制服の上に羽織った紺色のコートが風に揺れている。
その瞳はまっすぐこちらを見ていた。
見ていた。
ハル・シズノの存在を――“見てしまっていた”。
⸻
心臓が一拍、遅れて跳ねる。
(え……?)
いつもと同じような朝。
なのに、まるでその視線だけが現実感を持って、ハルの中に流れ込んできた。
少女は一歩、こちらに歩み寄ってきた。
まっすぐに。ためらいもなく。
⸻
「……あなた、なんで記録が揺れてるの?」
声は静かだった。
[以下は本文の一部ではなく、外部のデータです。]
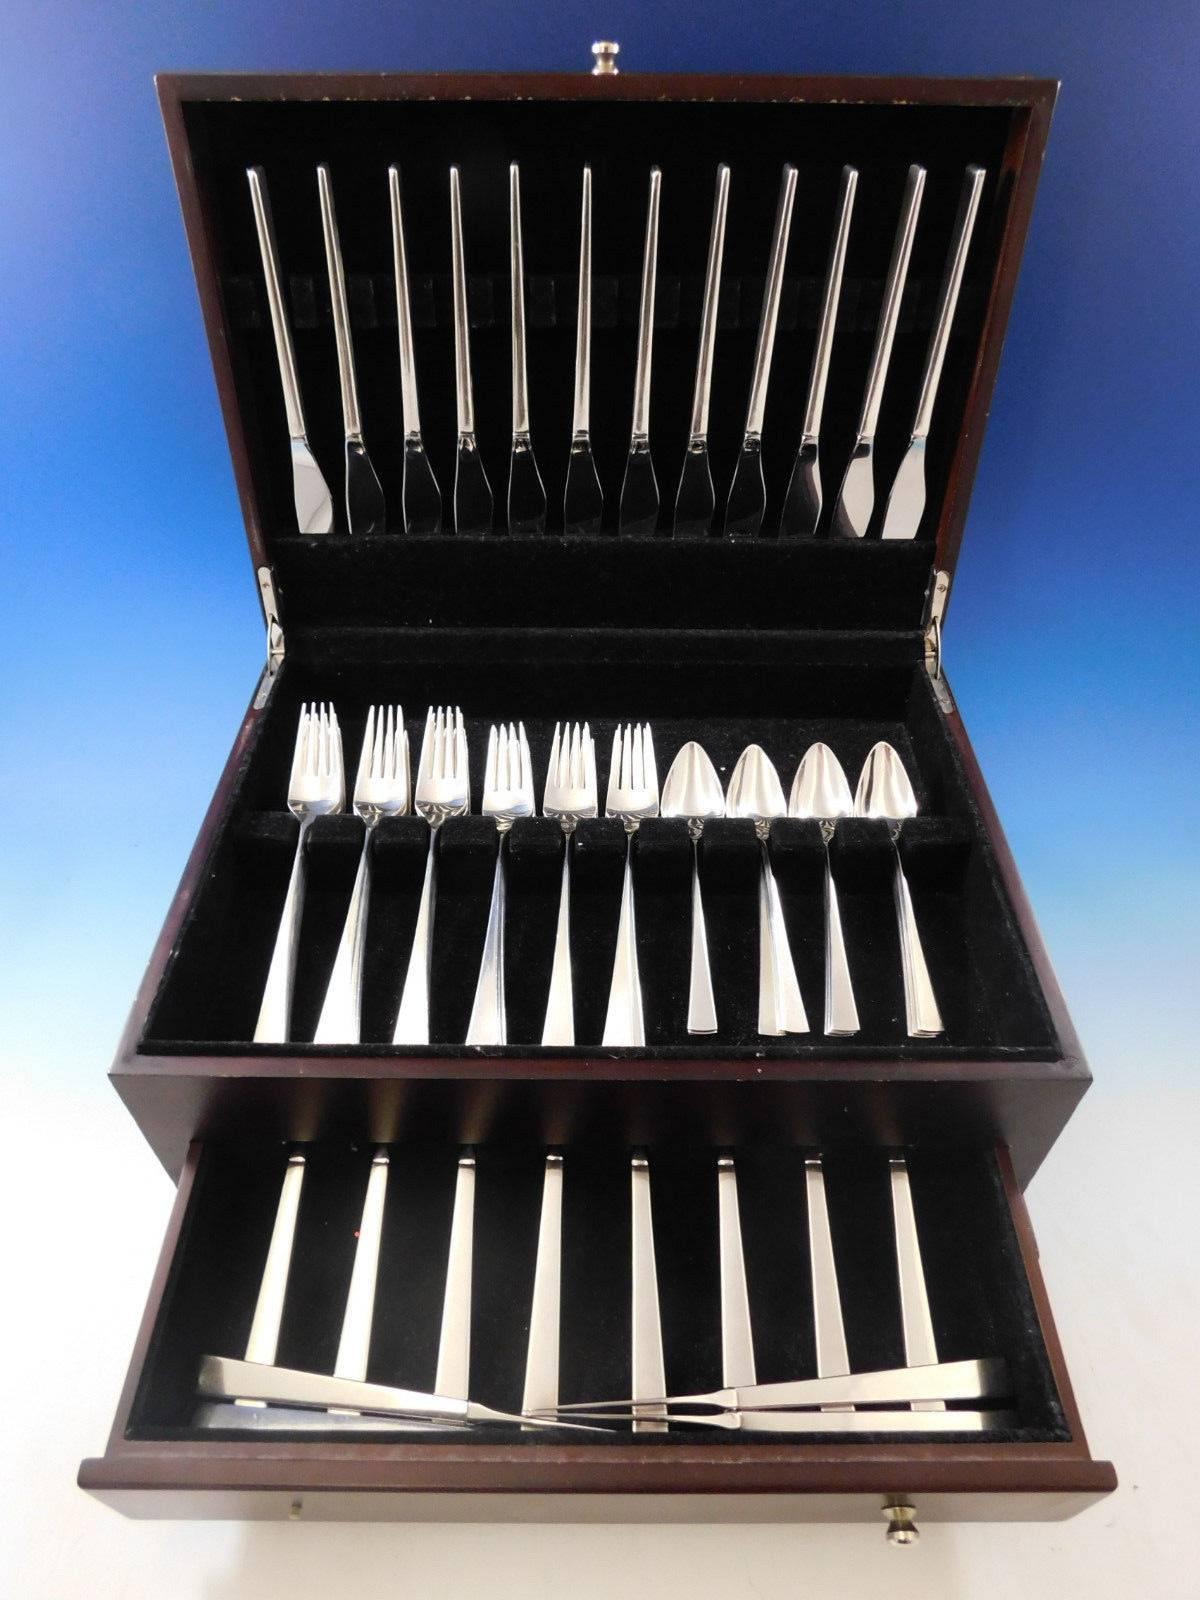 Dimension by Reed & Barton sterling silver Flatware set - 60 pieces. This set includes:

Measure: 12 knives, 9 1/8

けれど、確かに届いた。
風に流されるどころか、まるで耳元で囁かれたようにくっきりと残った。
ハルは言葉を失った。
目の前にいるこの少女が、
自分という“存在しないはずの存在”を認識している。
それだけで、喉の奥から何かがこみ上げてきそうだった。
⸻
「……僕のこと、見えるの?」
かすれた声で尋ねる。
少女――クロエ・リヴェルトは、ゆっくり頷いた。
「ええ、はっきり。たぶん……わたしの記録のどこか、おかしいのね」
言いながら、自分の胸元に触れる。そこには都市の記録端末が格納された識別タグがあった。
「検閲官の仕事をしてると、たまにね。
“存在しないものが、どうしても目に入る”ってこと、あるのよ」
⸻
ハルは、ただ黙って見つめるしかなかった。
誰かに「見えている」と言われたのは、何年ぶりだろうか。
いや――生まれて初めてかもしれない。
クロエは小さく微笑んだ。
「あなたのこと、ちょっと気になったの。
……記録されていないのに、ちゃんと“そこにいる”ように見えたから」
⸻
風が吹いた。ログタワーの影が揺れる。
その一瞬、ハルの存在が、都市の記録網に微かに“ノイズ”として記された。
誰も気づかない、けれど確かにそこにあった“存在の余韻”。
それが、この物語の――はじまりの、はじまりだった。